As a free society we can do what we want to do. As a youngster Cooksey said
that she did what she wanted to do, and that was get high everyday.
Originally, that's not all she wanted to do. She had wanted to be a jock
but eventually she got kicked off the team because she couldn't show up
straight for practice. "I thought that was terrible, but it was an
acceptable loss for me.
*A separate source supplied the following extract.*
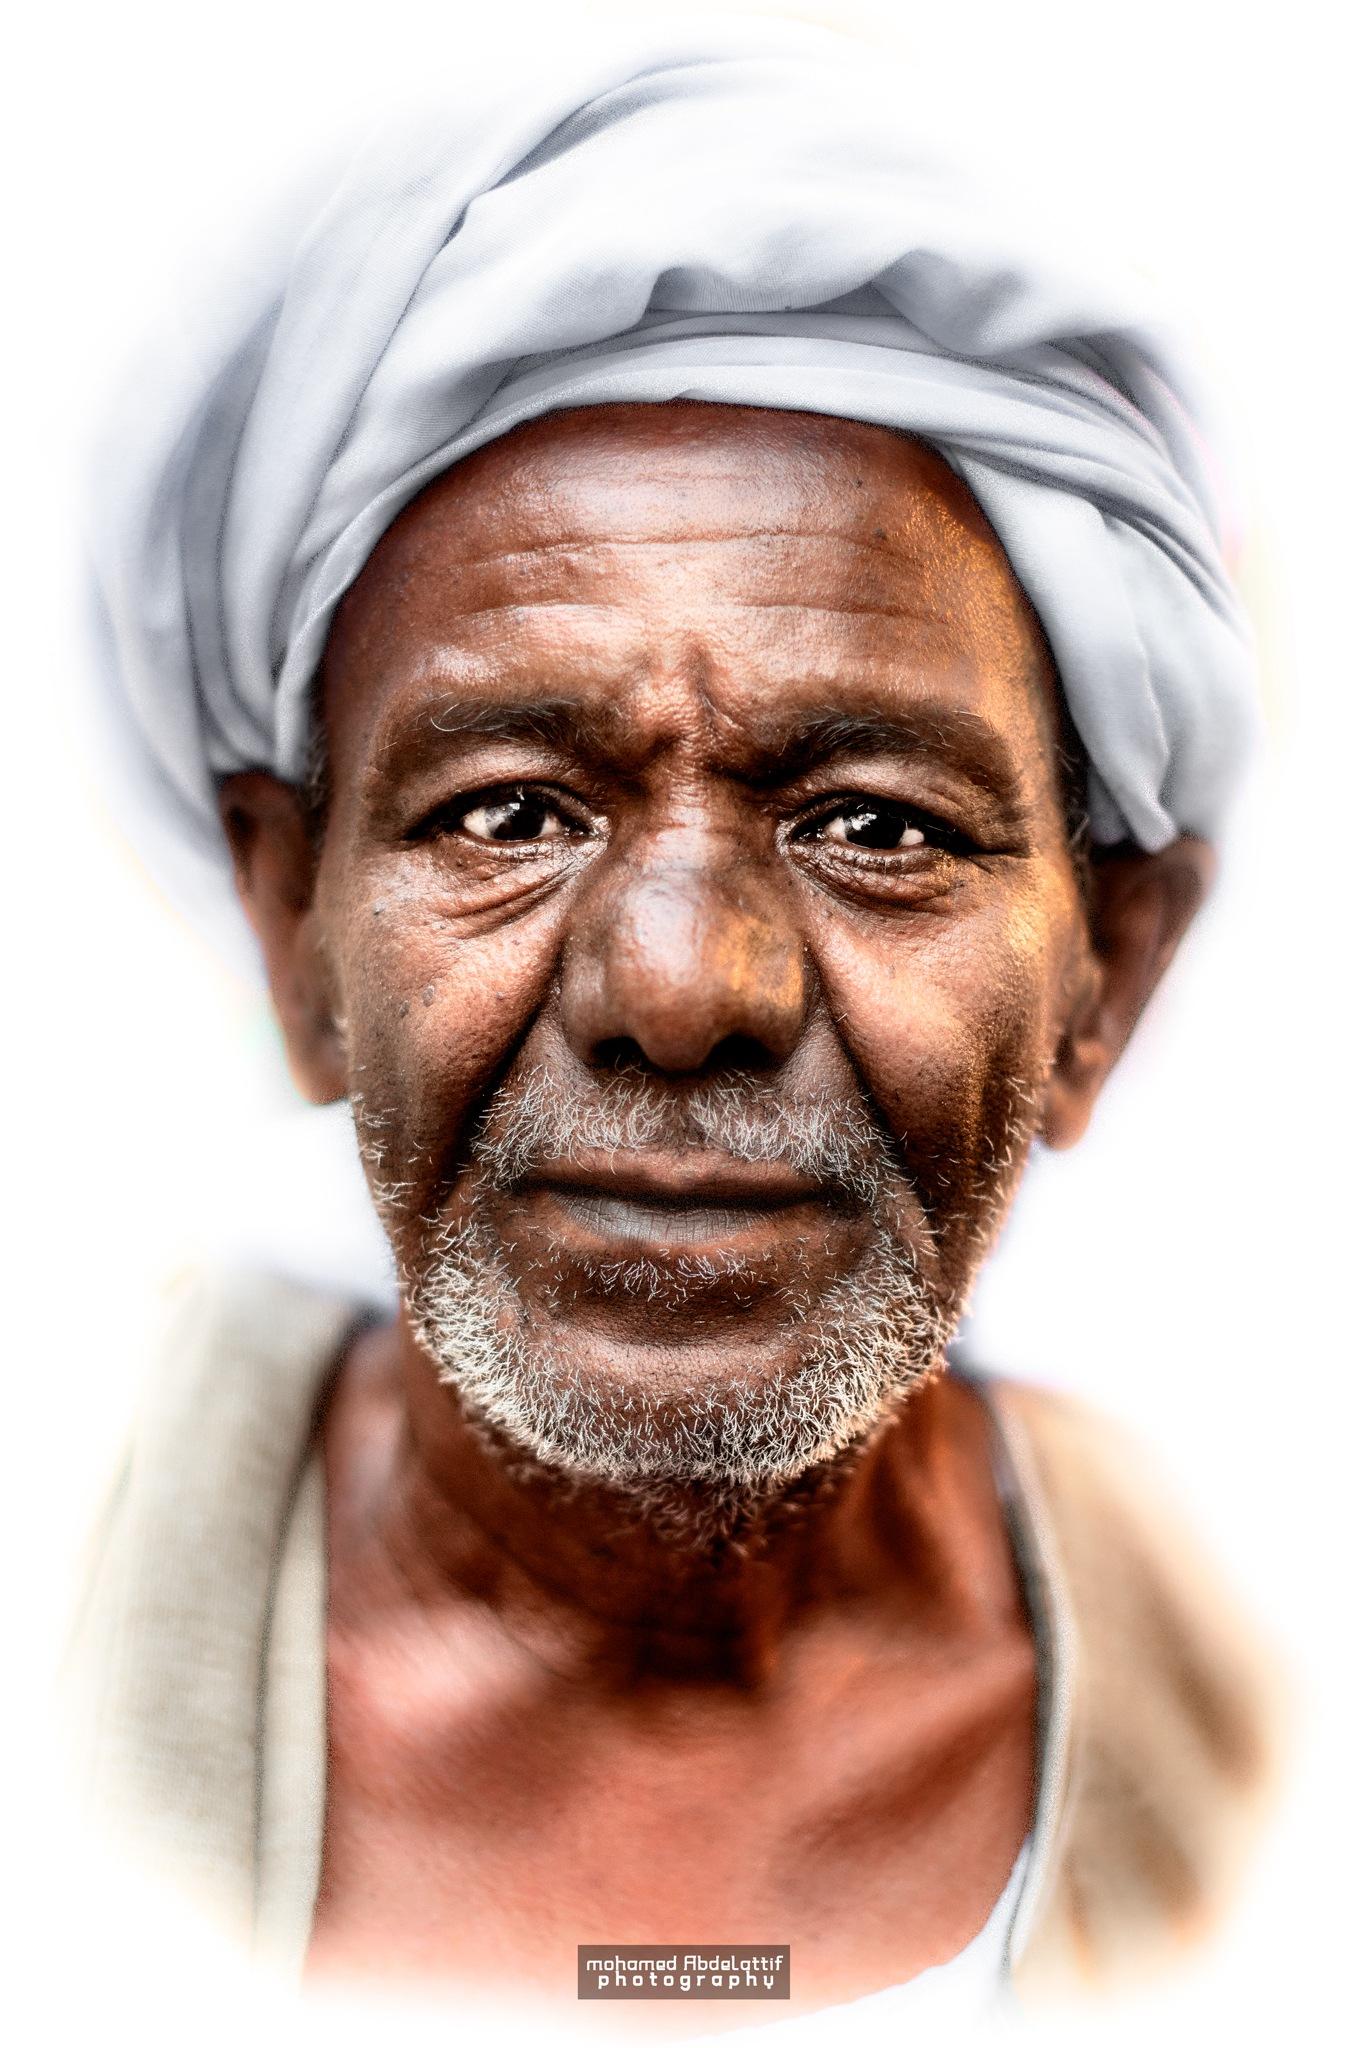 Untitled by Mohamed abdelattif aboelmagd Mahmoud

I didn't like losing that uniform - but I didn't
want to stay straight everyday. I thought that was a ludicrous idea."
Who is an addict? Do they all come from trailer parks? No, said Cooksey,
they come from all walks of life: a 40-year-old lawyer, a 15-year-old kid
in school, a 50-year-old airline pilot. "How do you like getting on the
plane thinking that your pilot just smoked crack in the washroom."
"It can happen to anybody," said Cooksey, predicting that of all the
students in the Selkirk gym, it was a given that someone in the room would
be in rehab before they were 20. "I don't know who it will be. If you look
around, you may know who it may be, and if you think it might be you, make
some choices."
Most people use drugs to have fun and get high, not to become addicts. Not
many people want to lose all their teeth, not have any belongings and shoot
dope everyday. "Not many people think that's what their choice is going to
be, but people end up there." People that want to use will continue to use.
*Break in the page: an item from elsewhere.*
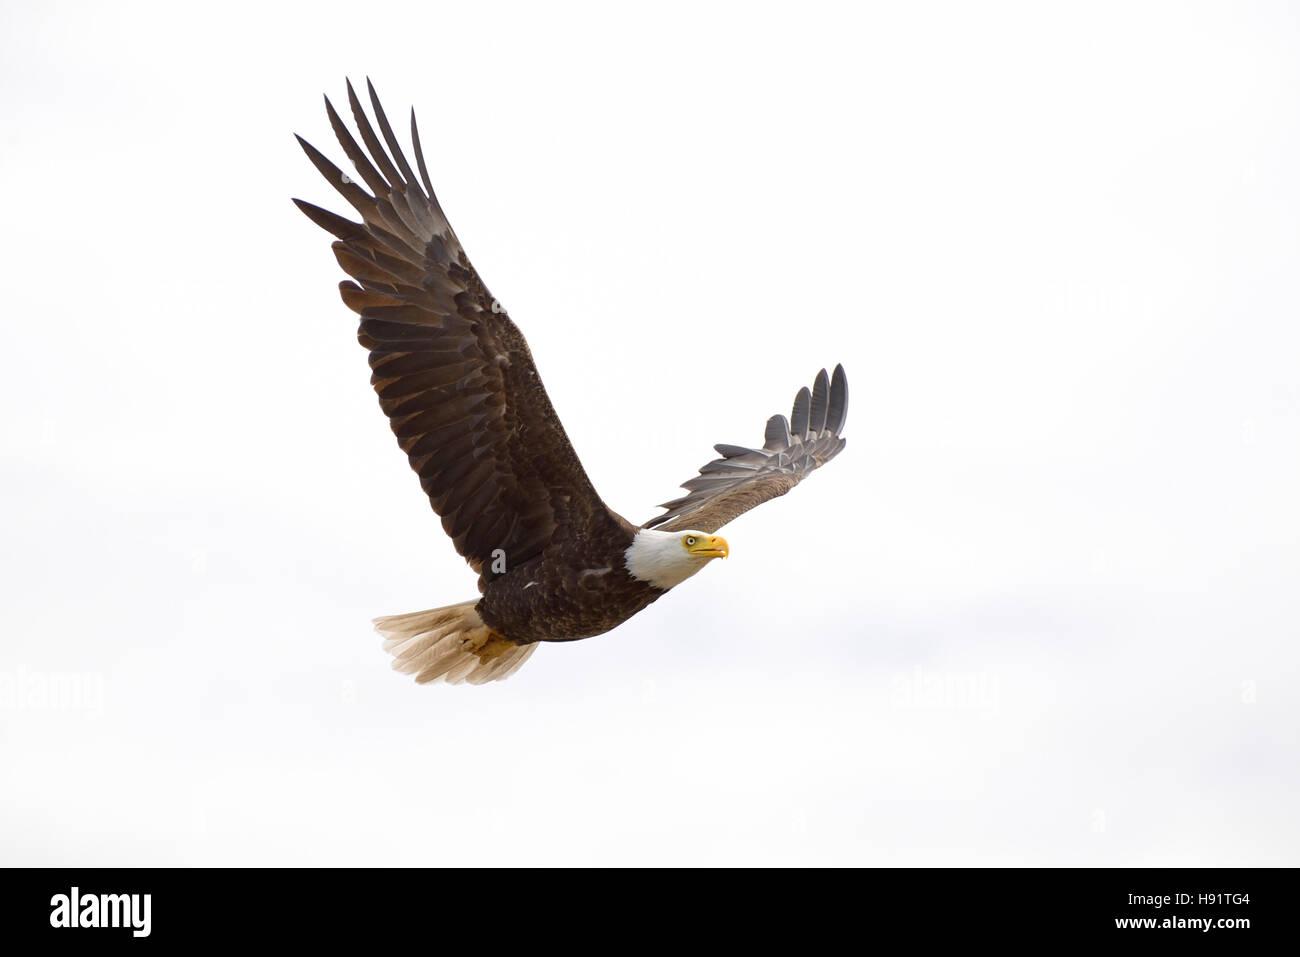 American Bald Eagle, Comox Valley, Vancouver Island, British Columbia, Canada. - Stock Image

Cooksey said she wanted to use for a long time, not realizing that if she
wanted to stop that she couldn't. "I thought I had that choice."
Try a little experiment Cooksey suggested. Pick something you like to do -
smoke cigarettes, drink coffee, then stop doing it. "That's just a minor
taste of trying to quite drugs once you are addicted to them - it's tough
to be off something that you're used to doing all the time."
You don't have to live your life as a nun, you don't have to live with pain
and depression, said Cooksey. But you do have to think through your choices
of what you are going to do.
"You can accommodate what you want in your life. You can accommodate
alcohol, pot, any other drug you want but you also have to accommodate the
consequences of that."
A lot of people do use drugs socially and they are ok with it. "But you
don't know that you're one of them," said Cooksey. And for all her years as
both an addict and a counsellor, she can't predict who will become an addict.
"It's totally a crap shoot. It can happen to anyone."
Why does someone become an addict? "It doesn't matter why, all that really
matters what you do about once it happens."
When you ask an addict their drug of choice, you know what they are going
to say? More.
"Drug of choice is a fallacy. Once you become addicted you don't make
choices. It's just about using."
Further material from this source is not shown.